The 12th section of the Act of 1856 appears to me to contemplate and to deal with one constitution of notour bankruptcy, and one only. From the date of that con

Page: 264

stitution the sixty days before and the four months thereafter are to be reckoned. If it was not so, then creditors who did diligence within four months after the second or third or fourth constitution of notour bankruptcy would all be entitled to rank pari passu with those who had done diligence within four months of the first constitution, which would result in this, that creditors would rank pari passu who had done diligence within sixteen months after the constitution of notour bankruptcy, a result not provided for by the statute. In the present case notour bankruptcy was constituted, in my opinion, on 7th February, when the charge of payment given by the appellant expired. The subsequent poinding was not a reconstitution of notour bankruptcy, but merely an ordinary step in the course of following up the diligence already commenced. No doubt a poinding following upon an expired charge is in itself a mode of constituting notour bankruptcy, but it was not in this case the constitution of notour bankruptcy against his debtor by the appellant, for that had already been done. As regards his notour bankruptcy, the poinding executed by the appellant did not affect the debtor's position; he was neither more nor less notour bankrupt after the poinding than before it. I do not think the respondents can take any benefit from the provisions of section 9 of the Act of 1856. It is there provided that notour bankruptcy being once constituted shall continue in the case of a sequestration until the debtor is discharged, and in other cases until insolvency ceases “without prejudice to notour bankruptcy being a new constituted within such period.” If I read that clause alone, and apart from the other sections of the statute, I should have some difficulty in understanding the purpose of its concluding proviso. If notour bankruptcy, once constituted, is to continue in a sequestration till the debtor's discharge, and in other cases till insolvency ceases, there would appear to be no room—and indeed no reason—for providing that during that period notour bankruptcy might be constituted anew. But the difficulty disappears, and the importance and value of this provision becomes clear, when the terms of the 15th section are taken into account. I think the renewed constitution of notour bankruptcy provided for by section 9 has reference to an application for sequestration, and has no bearing or effect upon the question of the equalisation of diligence.

I am of opinion that the interlocutor appealed against should be recalled.
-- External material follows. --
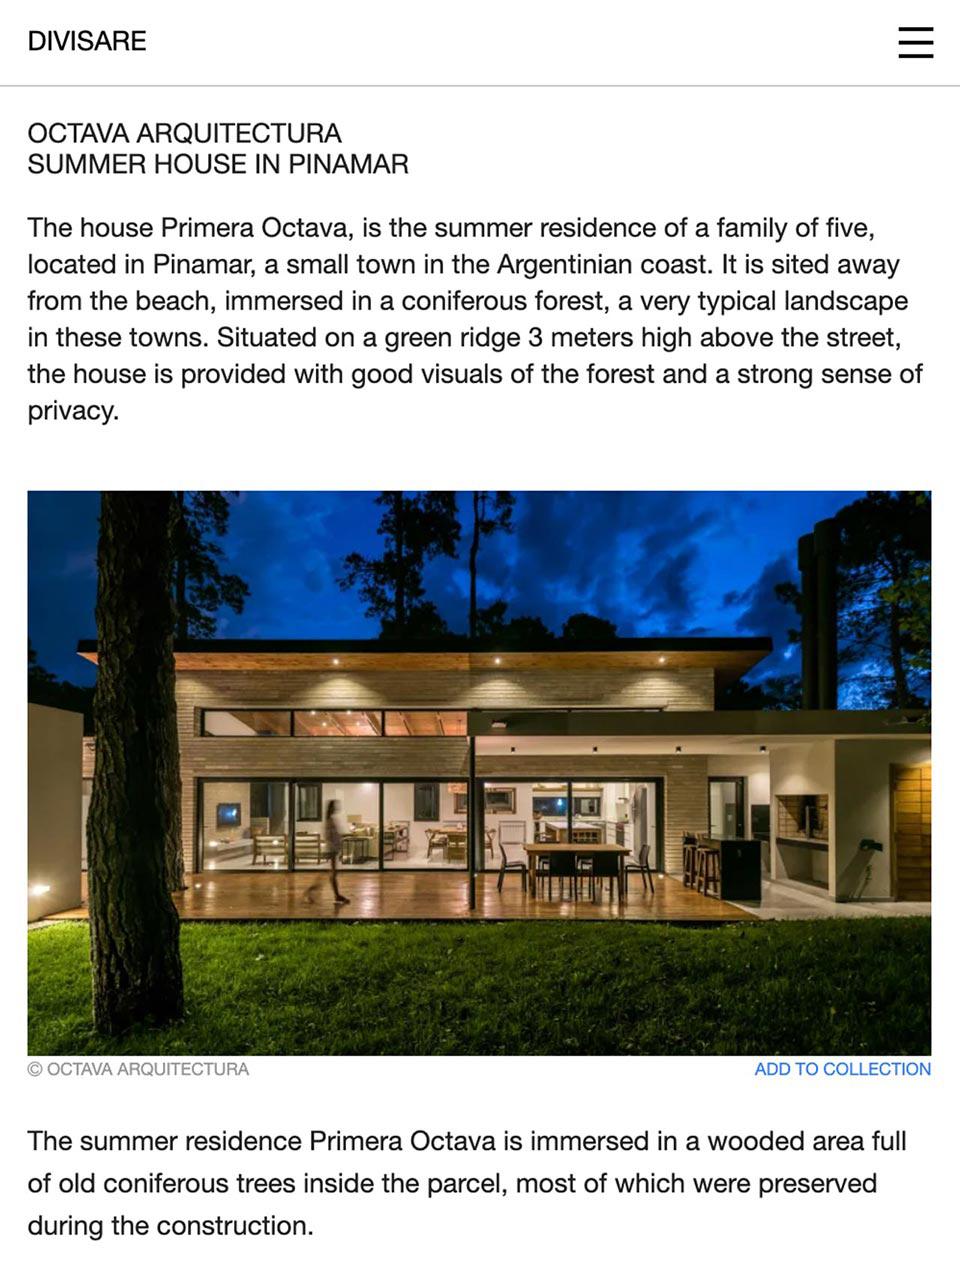 Artículo de Octava Arquitectura en Divisare

Lord Young, Lord Rutherfurd Clark, and the Lord Justice-Clerk concurred.

The Court pronounced the following interlocutor:—

“Find in fact that Samuel Calcraft, the common debtor, was rendered notour bankrupt on 7th February 1890 by the expiry, without payment, of the charge given him upon the appellant's decree; that a poinding of the common debtor's effects was executed at the instance of the appellant on 21st May 1890; that a sale of the poinded effects was carried through on 27th May 1890; and that the respondents and claimants produced in the process decree of payment or other liquid grounds of debt on 20th June 1890: Find in law that the respondents are not entitled to a pari passu ranking with the appellant on the proceeds of the sale carried through by him: Therefore sustain the appeal, recal the interlocutor of the Sheriff appealed against, and assoilzie the nominal raiser and appellant from the conclusions of the petition, and decern,” &c.

Counsel:

Counsel for the Appellant— Salvesen. Agent— John W. Deas, S.S.C.

Counsel for the Respondents— Goudy. Agent— Peter Morison, S.S.C.